Importable pyar-react entrypoint.

This script provides the historical reaction-search command-line interface that wraps pyar.workflows.reaction.react(). It converts CLI arguments into the backend parameter dictionary expected by the workflow and applies the same geometry-optimizer guardrails as the main pyar-cli entrypoint.

pyar.scripts.react.argument_parse(): Parse the reaction-search command-line arguments.
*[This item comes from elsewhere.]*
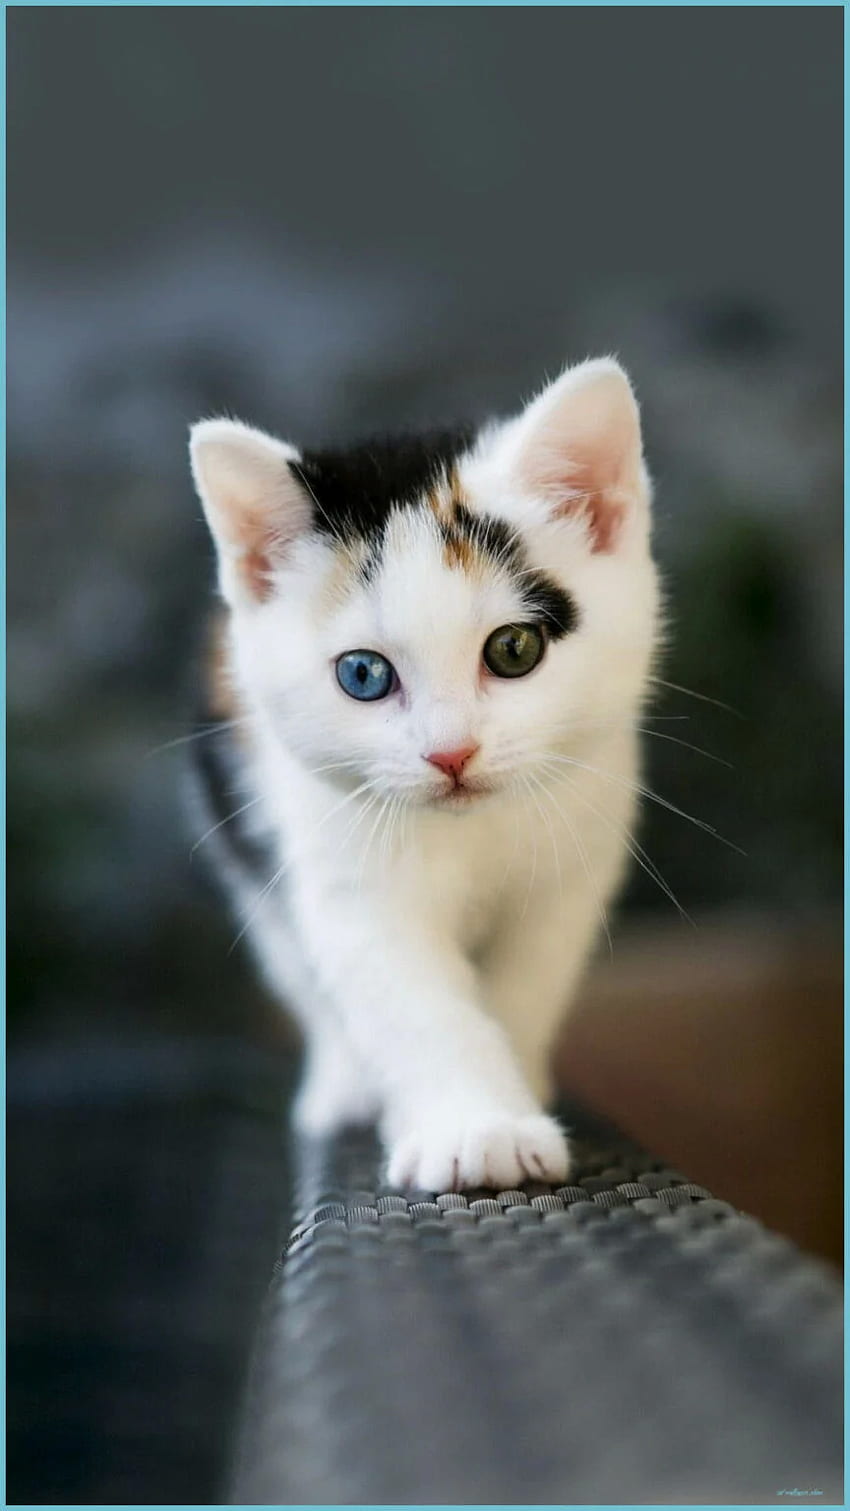 Cute Kitten Wallpaper 4K, Cute Cat, Girly backgrounds, 5K

pyar.scripts.react.calculate_index_from_xyz(filename): Return the zero-based index separating the two reactants in filename.

pyar.scripts.react.main(): Run the legacy reaction-search command-line workflow.

Standalone reaction-trace analysis and plotting entrypoint.

pyar.scripts.reaction_trace.argument_parse(argv=None): Parse reaction-trace CLI arguments.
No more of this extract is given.